NEW YORK (Forex News Now) – While FX traders pushed the Kiwi up and above the massive resistance area of the “.75 handle” last week, the pair has entered an area of massive historical consolidation. In the past, consolidation has been the order for this pair between the .75 and .80 area.
FX traders managed to push the Kiwi dollar up last week, and the pair has seen another round of buying, but looking at the bigger picture, the picture looks a bit on the weak side for the short term.
Notice on the attached chart the divergence of the MACD, as the last high of the indicator is higher than the recent one. Since the highs are not matching up with the highs of price, often this is a leading indicator of a pullback coming. FX traders around the world use divergence as a possible indication of what could be coming. It should be noted though, that divergence is a secondary indicator, not a primary one.
Of other note to FX traders will be the long wick that is forming with the day’s candle. This shows that exhaustion might be setting in for the pair, and that a pullback is needed.

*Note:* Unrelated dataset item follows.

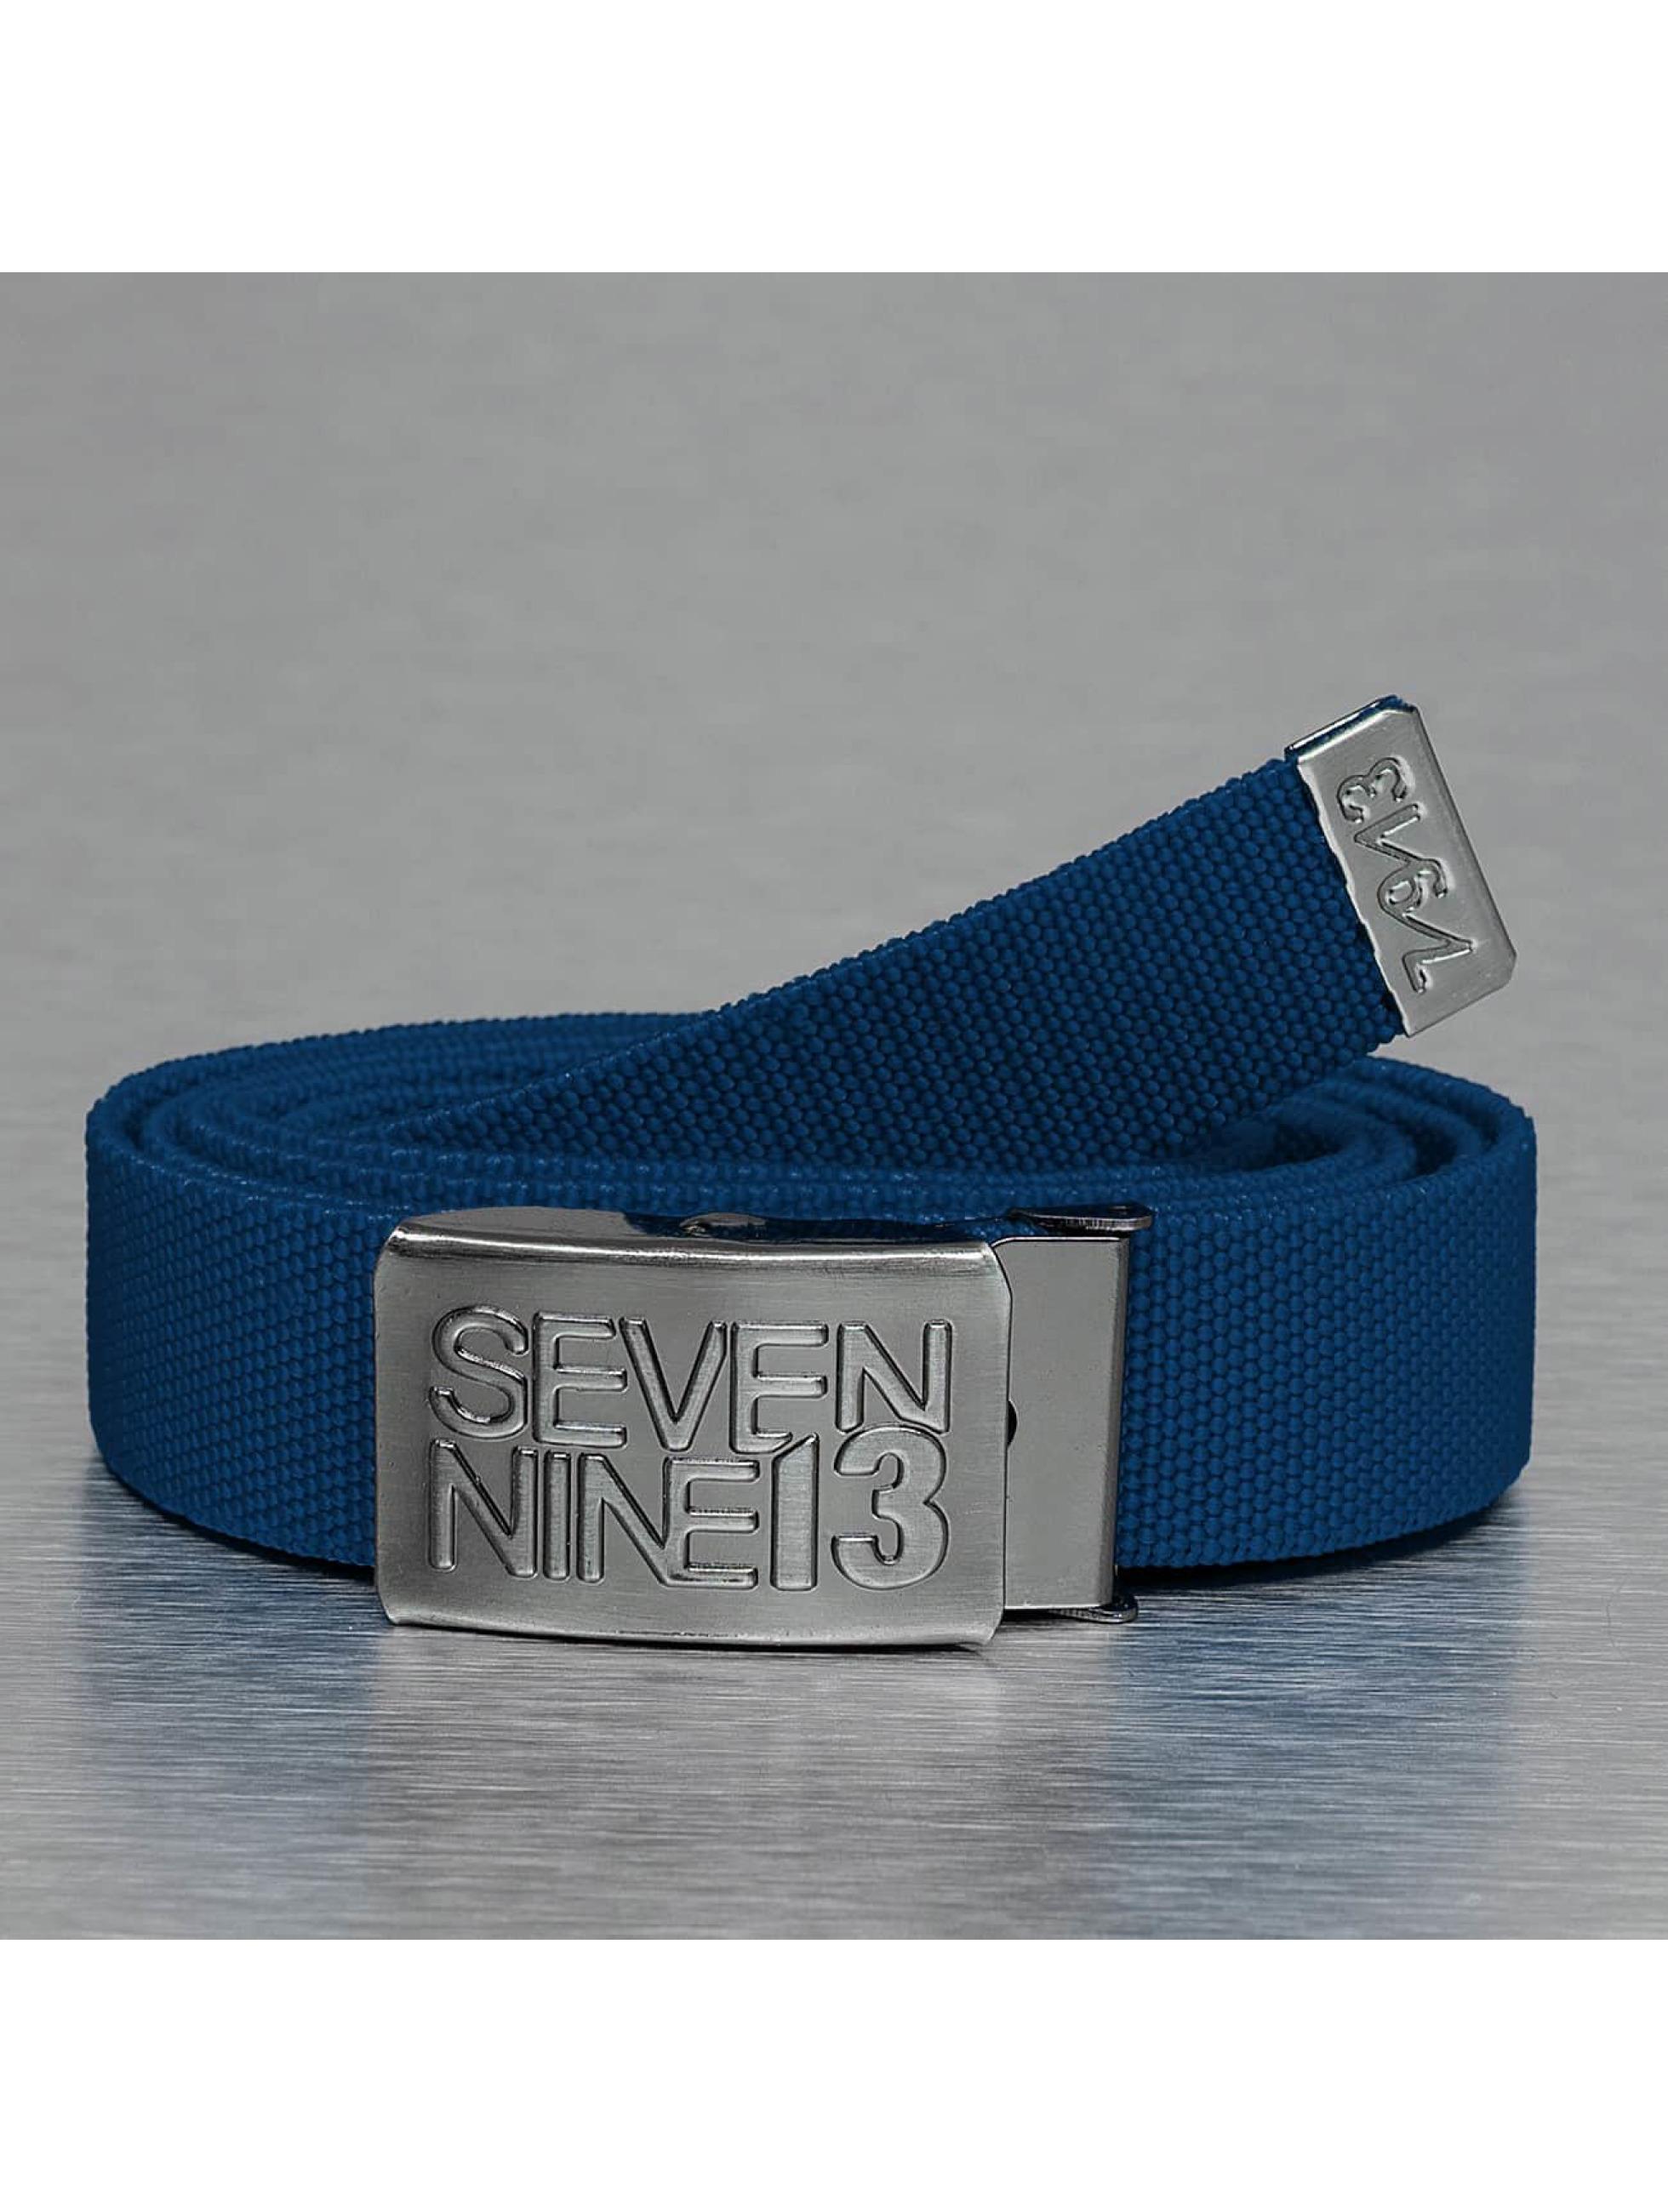 Seven Nine 13 Cintura Jaws Stretc blu
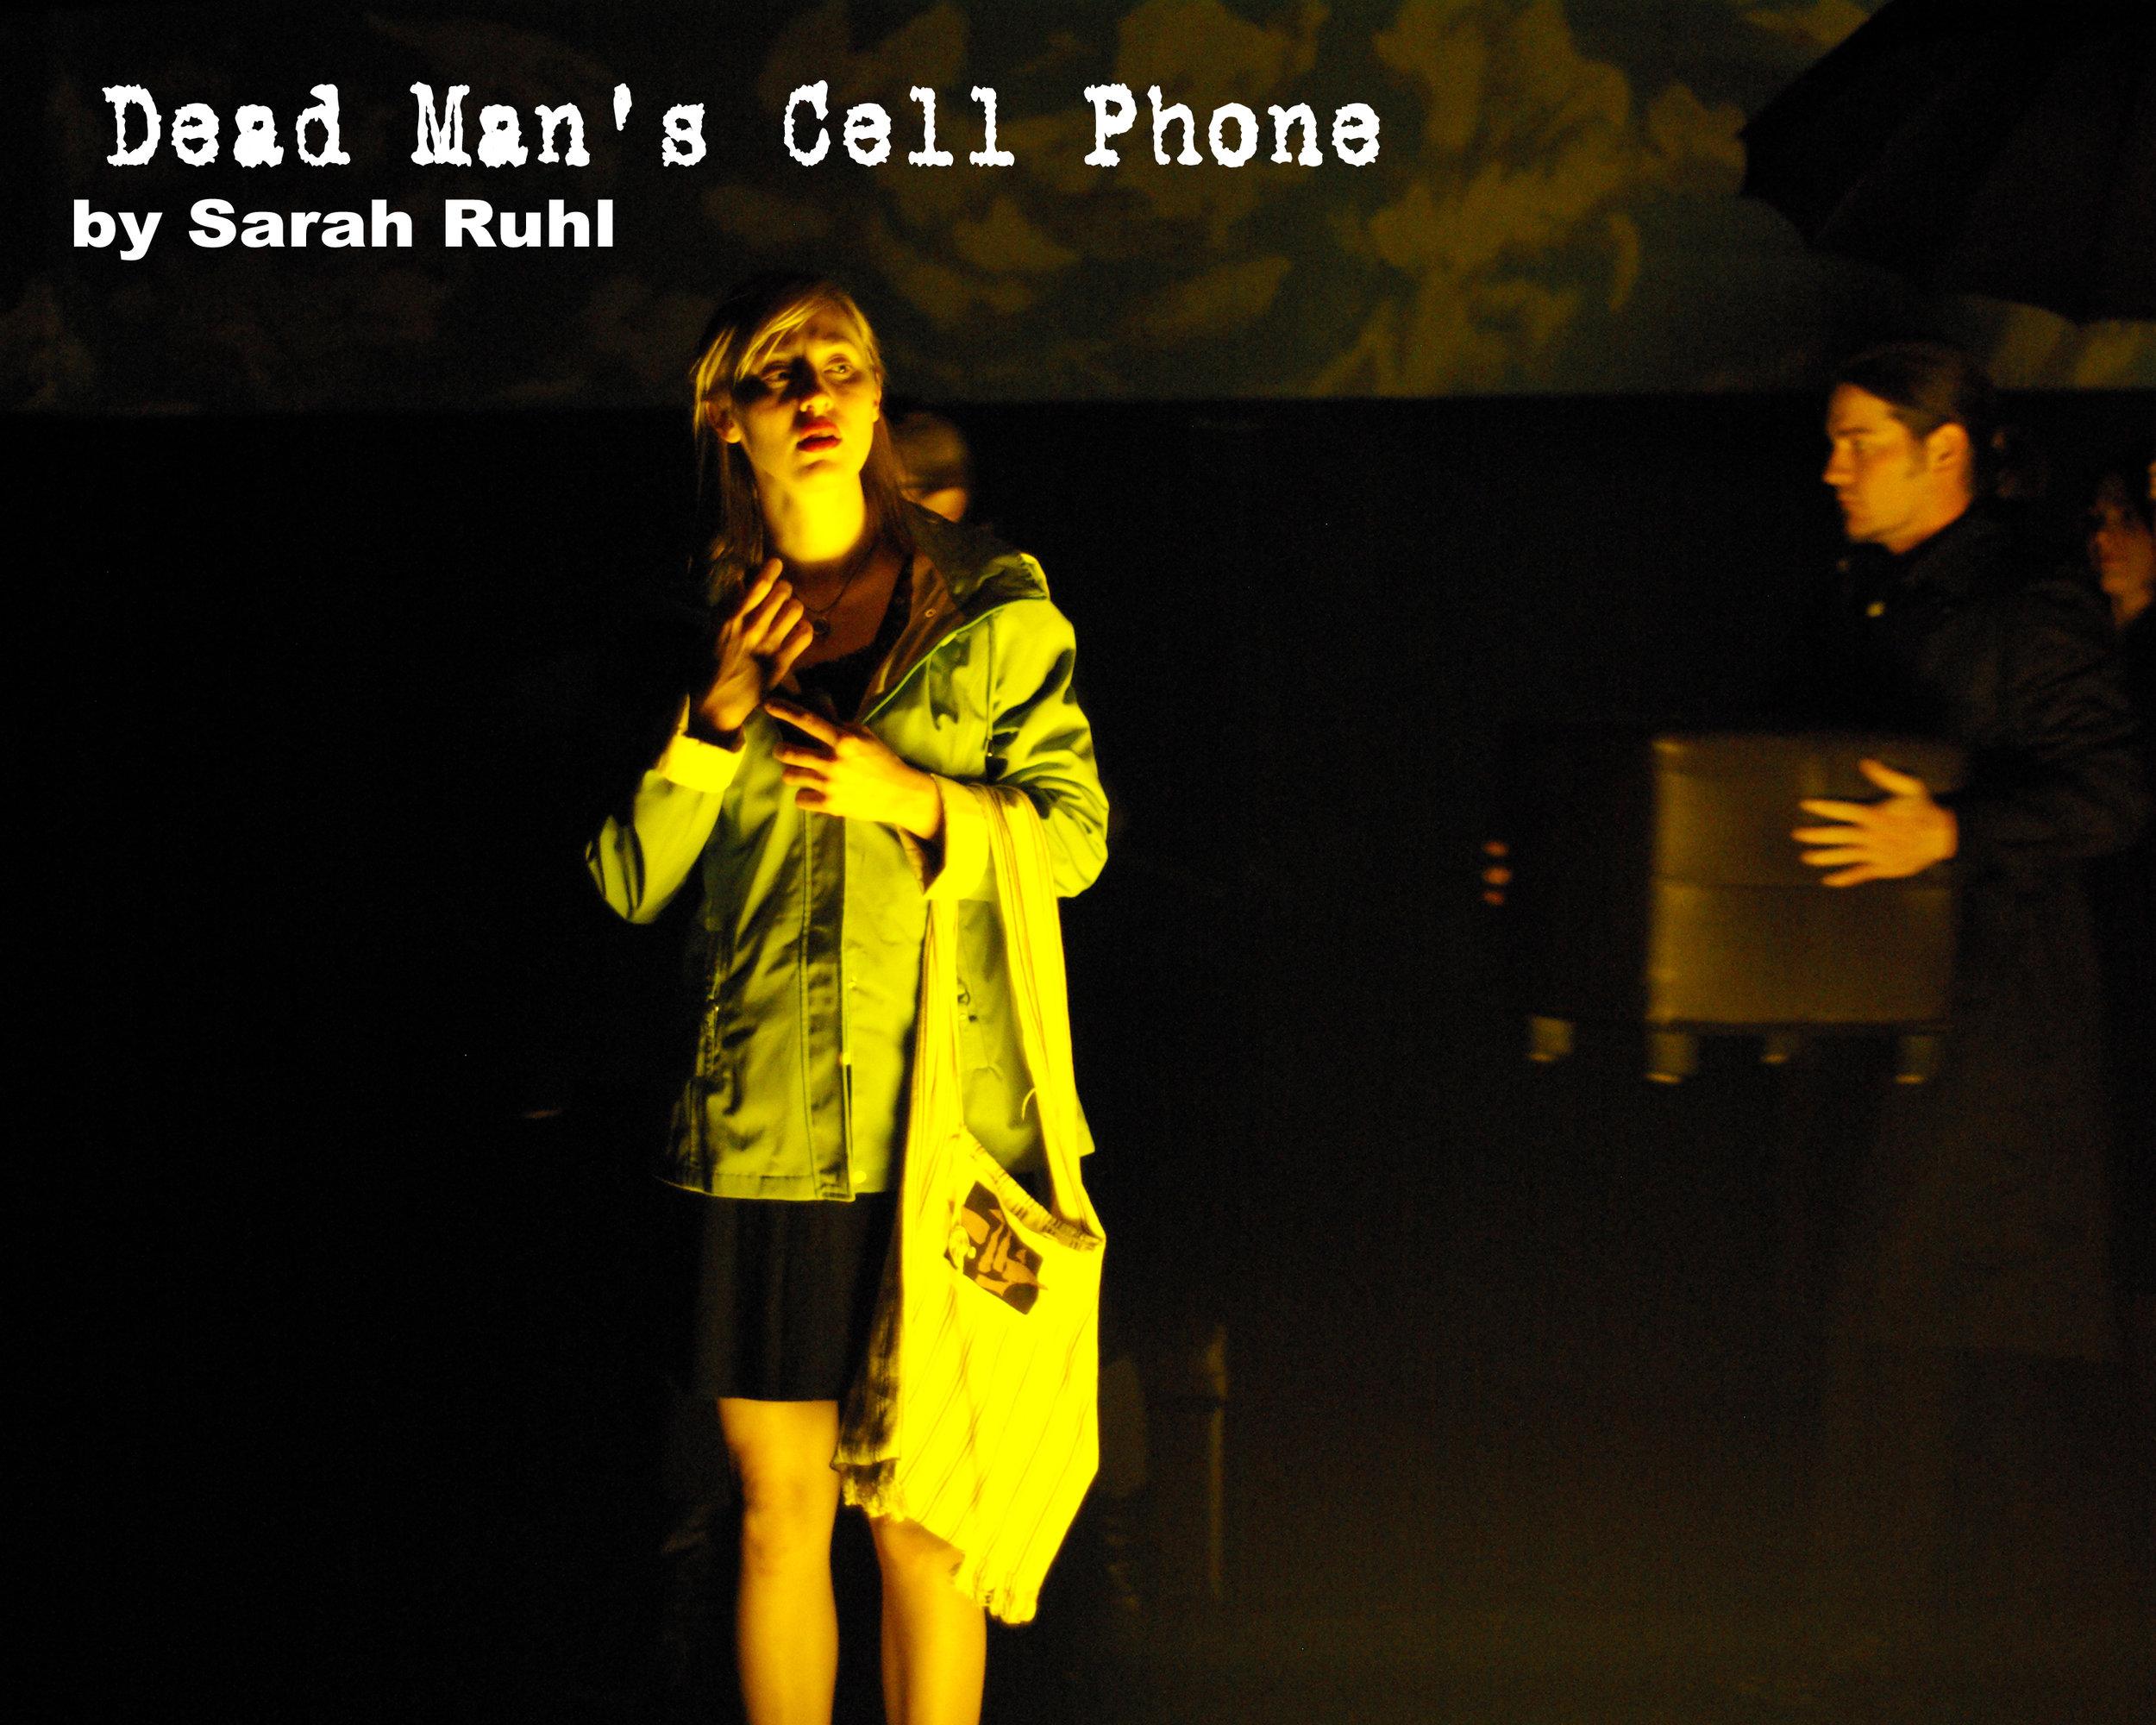 DeadMansCellPhone2.jpg

A catalyst for that pullback could be coming at 21:45 GMT, as the Kiwis announce their unemployment number for the third quarter. While it is expected to come in at a change of 0.5%, and an unemployment rate of 6.7%, any number higher could be enough to push this pair into the direction suspected by the technical analysis. On the other hand, a lower number could push the pair higher into the consolidation zone. With so many announcements coming over the next few days, this one might be overlooked a bit however.
The Kiwi has been playing second fiddle to the Aussie for quite some time now, and this chart doesn’t do much to suggest that the pattern of the antipodeans will change anytime soon. The Kiwi simply won’t outdo its Australian cousin.